Psychologists say that prices have an element of confabulation. We spin a mental narrative in which the prices we set are exact, rigorous, and inevitable —oblivious to how arbitrary those prices actually are. I suspect that everyone involved in the eBook price war would be just as upset, had the line in the sand been drawn at $4.99 or $19.99. I don’t know what eBook prices we’ll end up with, but I’m reasonably sure of one thing: If we think there’s an entirely logical price for a digital book, we’re only fooling ourselves.

Sunday, April 4, 2010

The Loser’s Curse

Richard Thaler has an article in today's New York Times on mispricing of NFL talent. In the NFL draft, losing teams trade away too much for "first pick" players, Thaler and Cade Massey argue in a recently updated paper.

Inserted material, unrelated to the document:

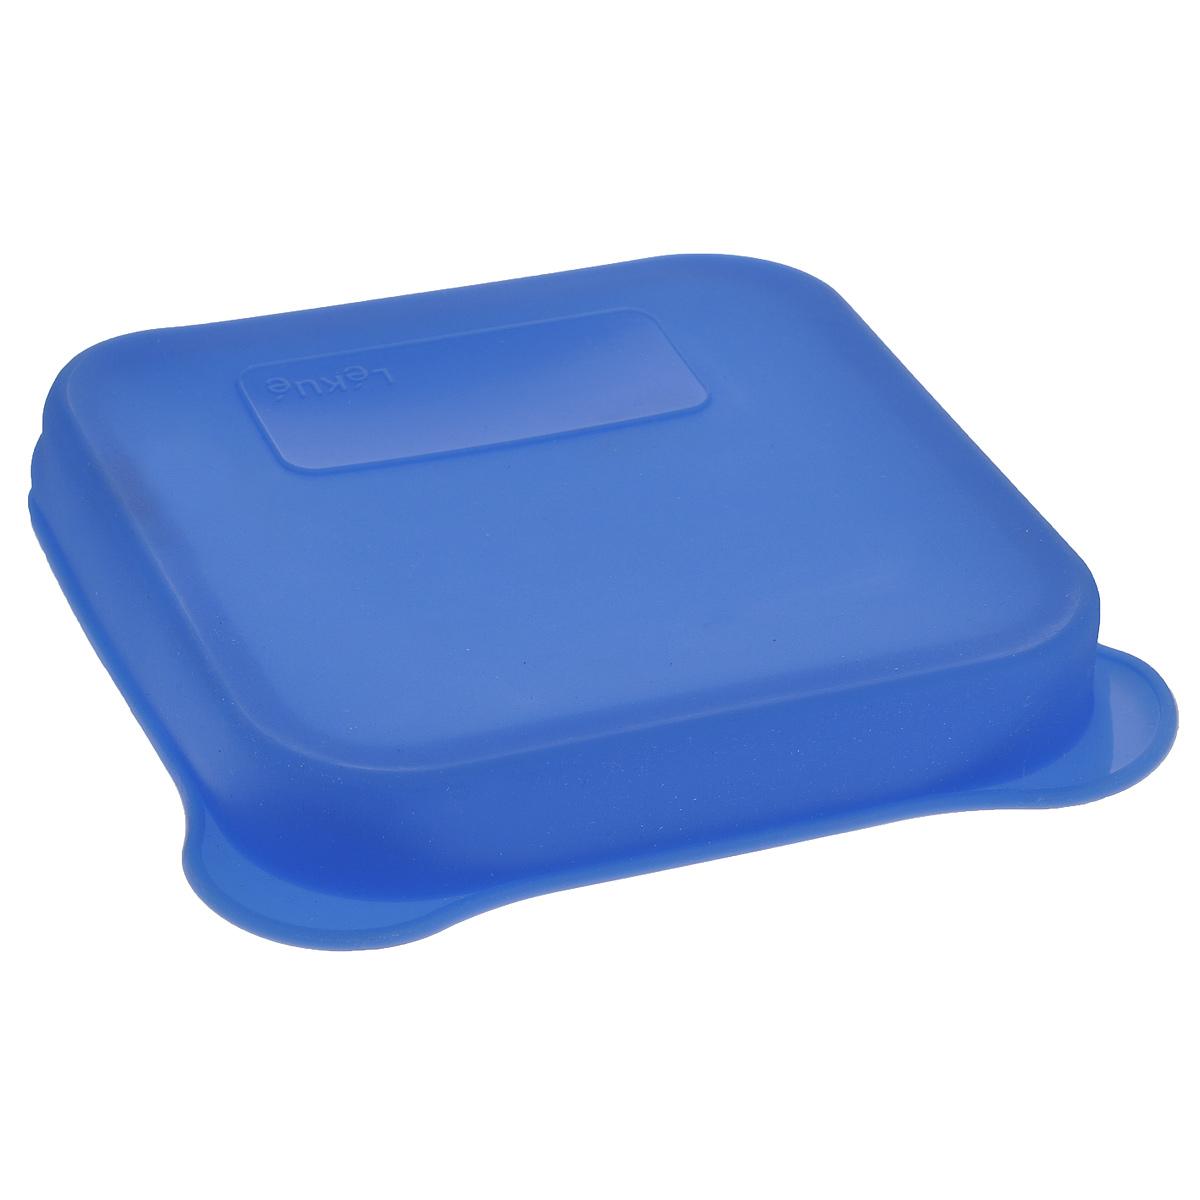 Бутербродница Lekue, цвет: синий, 17 см х 16 см х 2,5 см3401700Z15U008Бутербродница Lekue прекрасно подойдет для хранения и переноски бутербродов и другой еды. Бутербродница выполнена из безопасного силикона и имеет место для записей, которые легко смоются водой. Она выдерживает высокие и низкие температуры (от -60°С до +220°С). Бутербродница пригодна для мытья в посудомоечной машине.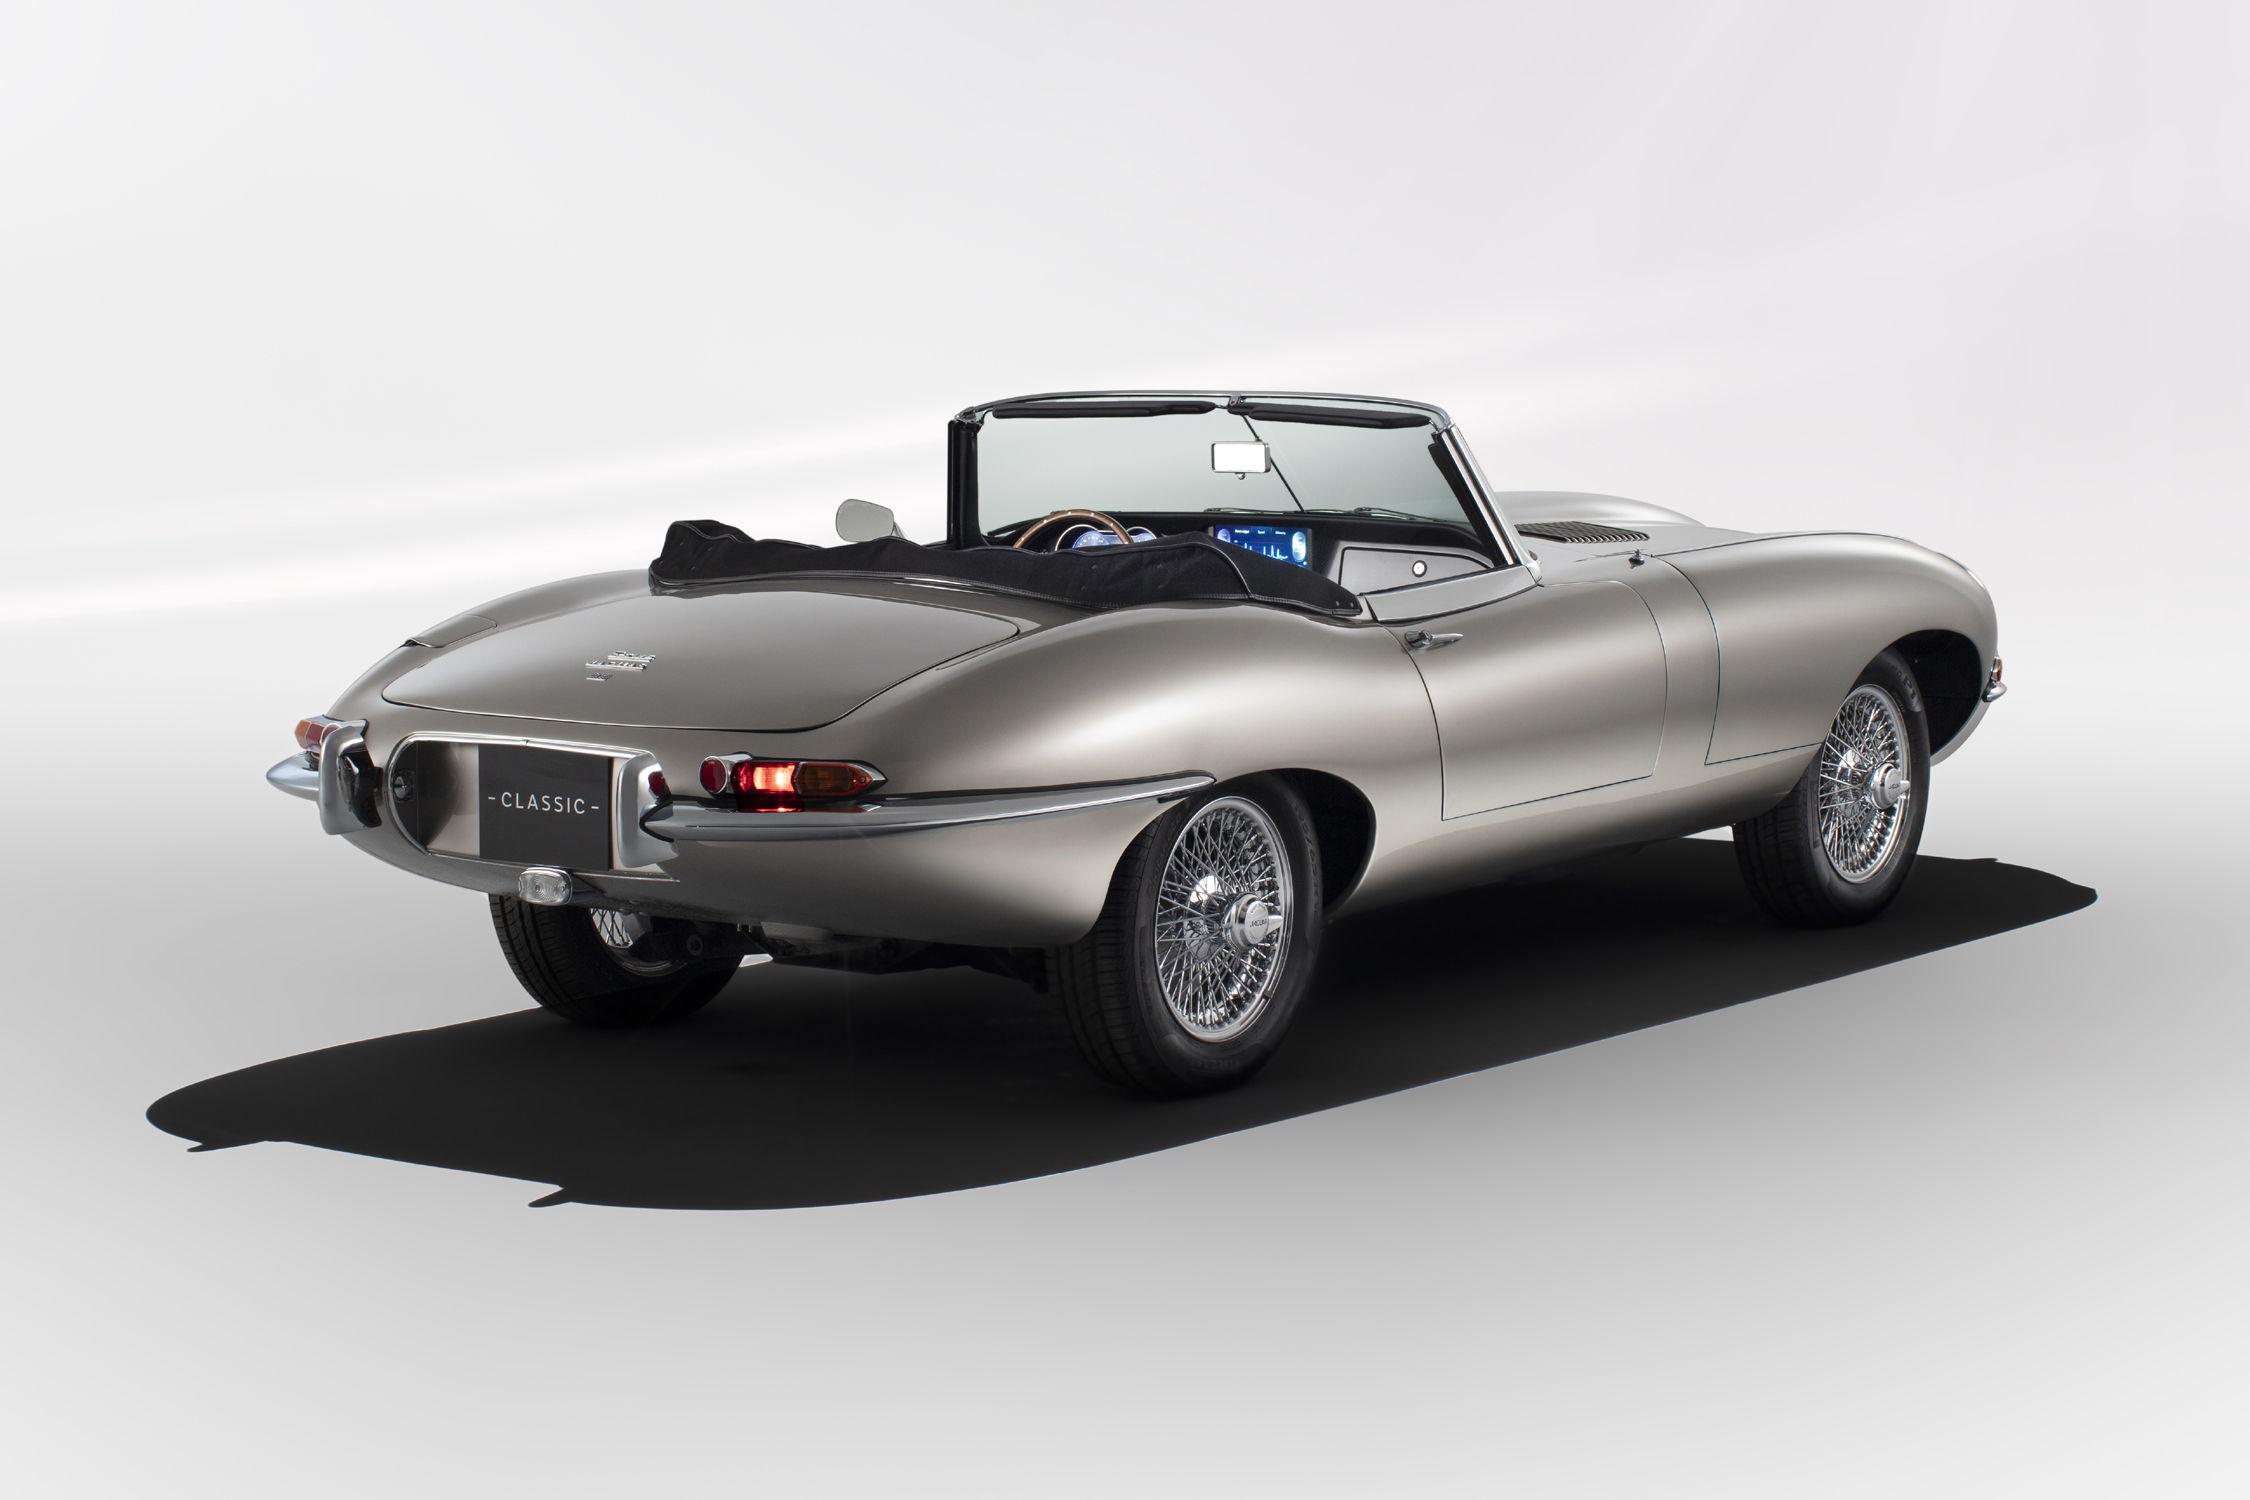 jaguar classic va produire des type e lectriques actualit automobile motorlegend. Black Bedroom Furniture Sets. Home Design Ideas

"We found that the teams choosing early in the draft generally don’t, in fact, get the players that provide the most value per dollar. Our paper is titled “The Loser’s Curse” because we discovered that the first pick in the draft is, on average, the least valuable in the entire first round."
That surprising result has implications not only for football, but also for any domain where organizations try to select talent, whether C.E.O.’s or their own “rookies” — newly minted graduates."

In related news, the Times has an amusing graphic comparing some star CEOs' compensation to their companies' performance.